# Kenpo taught in non-kenpo schools



## WhiteTiger (Sep 29, 2003)

From time to time I like to walk into other schools see what they are teaching.  Last week I visited a school across town which I had been to once before, and they were teaching Kenpo self-defense techniques.  From what I picked up they had added 30 Kenpo techniques to their caricullum.  The funny thing was noone in the class could make the techniques work.  While the problem was obvious to me, onone else could figure out what they were doing wrong.  It was pretty obvious that the instructors had gotten their hands on a Kenpo video, which they were using to teach from.  While they knew the motions they were missing all of the basic principles which make the techniques work.  

Distance, Stance, Positioning, Leg checks, All of these were missing when they did these techniques. 

Has anyone else come across this kind of experience?? 

I Had to Laugh.


----------



## MisterMike (Sep 29, 2003)

Yes, in fact, I've seen "Kenpo" schools where the whole curriculum looked like it was learned from a video.

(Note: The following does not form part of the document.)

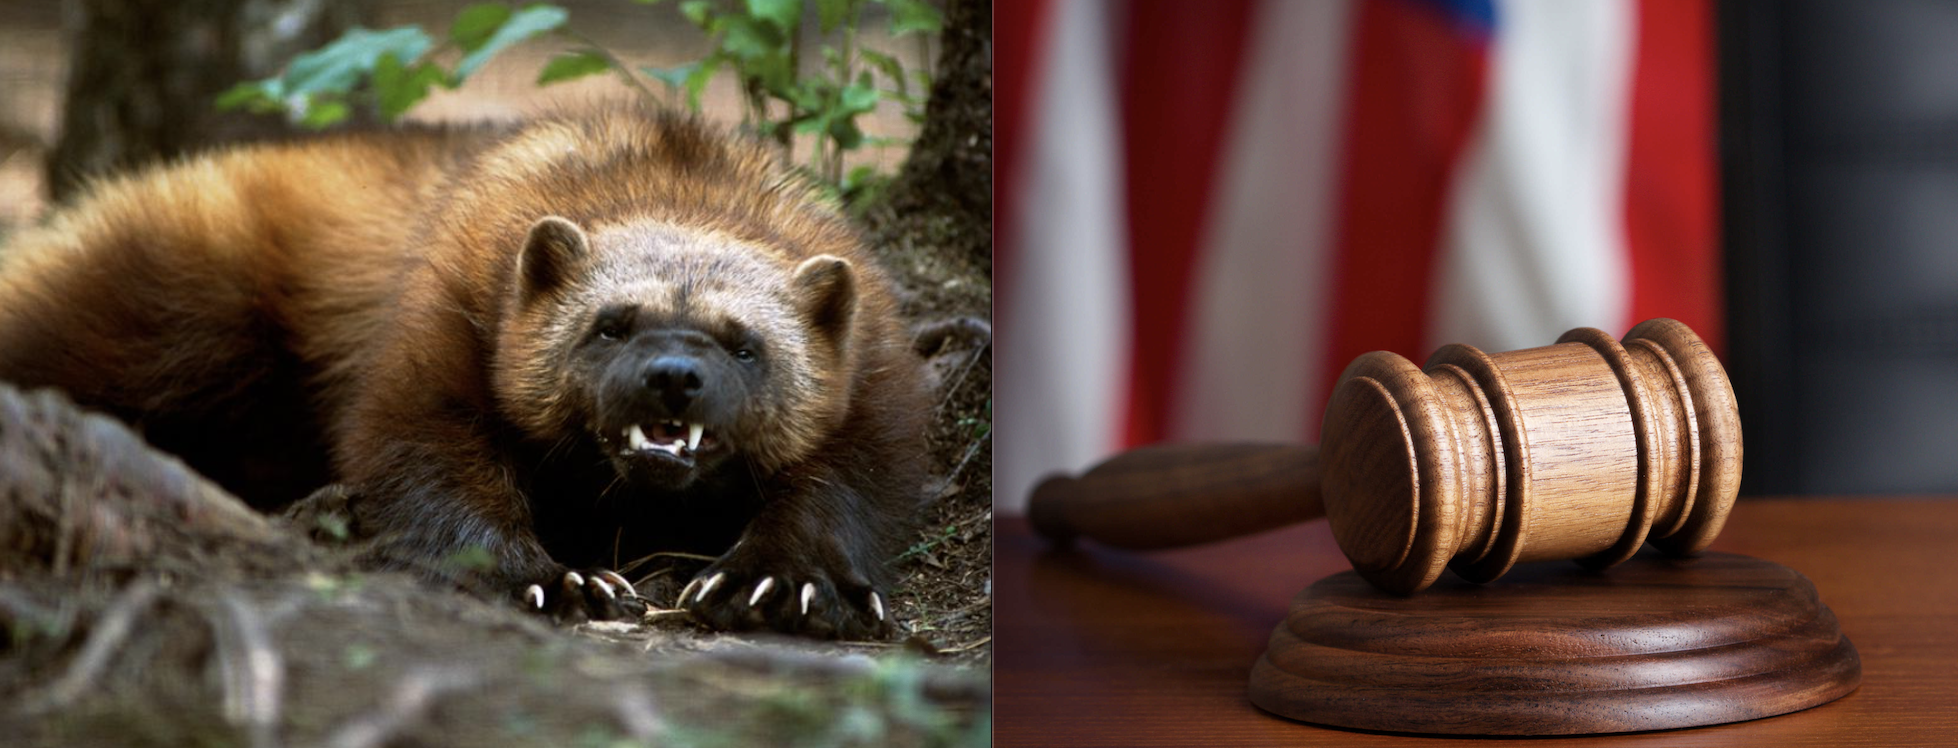 Epic Lawsuits: 24 Wildlife Orgs Sue Trump Admin for Failing to Protect Wolverine After FOIAed Documents Reveal Politically-Motivated ESA Review Process
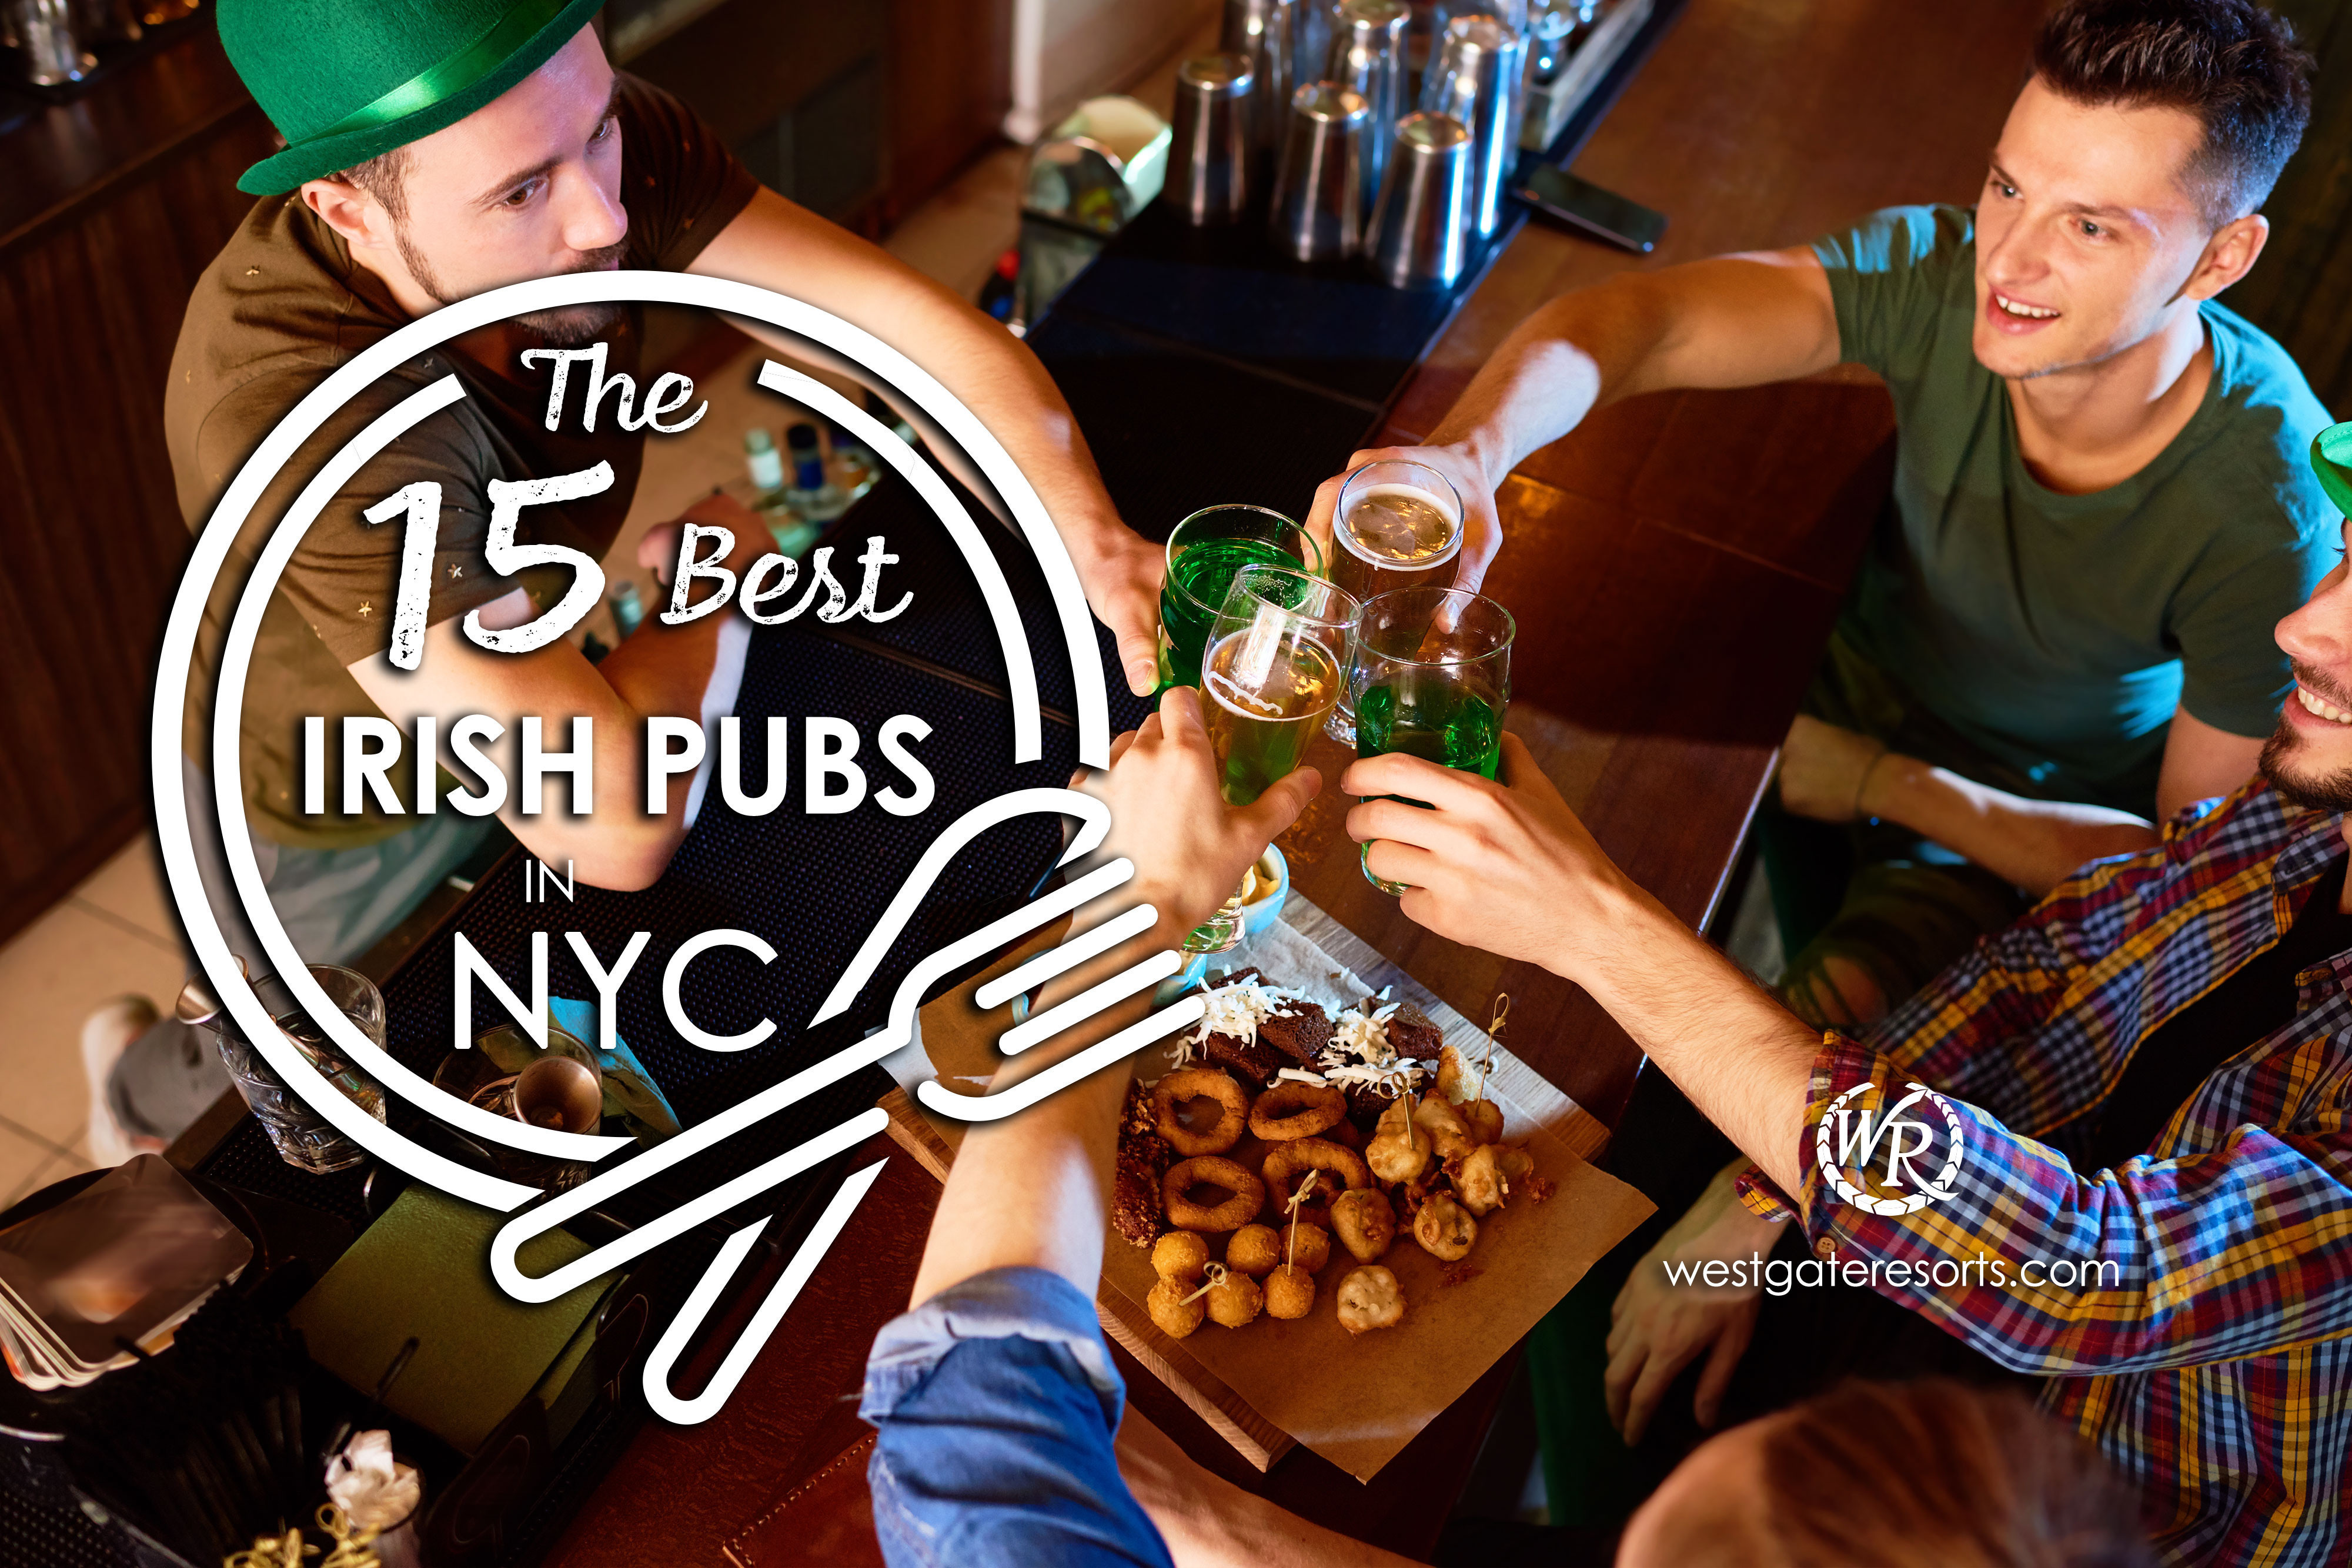 The 15 Best Irish Pubs NYC Locals Won't Tell You About

I guess there are no warranties, huh? --which places these people lower than the used car salesman.


----------



## ob2c (Oct 7, 2003)

I've come across something similar in a school (now closed) that I used to work out with. Their base was TKD, but they weren't traditional by any means, and they incorporated a lot of other styles in their system. The head of the system actually had some AK in his background, and I noticed some similarities in some of their moves, but no direct copies of whole techniques. But like you, I found them lacking in understanding of principles.  They were a god groupe, though, and there were some seriouse martial artists there. I hated to see them close their doors.


----------



## Titan Uk (Oct 30, 2003)

I know of a person who has black belts at other styles, that starting to train in Kempo for a short period and then opening up a school, stating it was kempo.
Anyone with any knowledge could see that it was not but it does reflect badly on everyone else if students look at the instructor for guidance but he does not fully understand the principles.


----------



## superdave (Jan 13, 2004)

And we wonder why we have Kenpo McDojos. I wish people would learn from a 
*QUALIFIED* instructor instead of tapes.


----------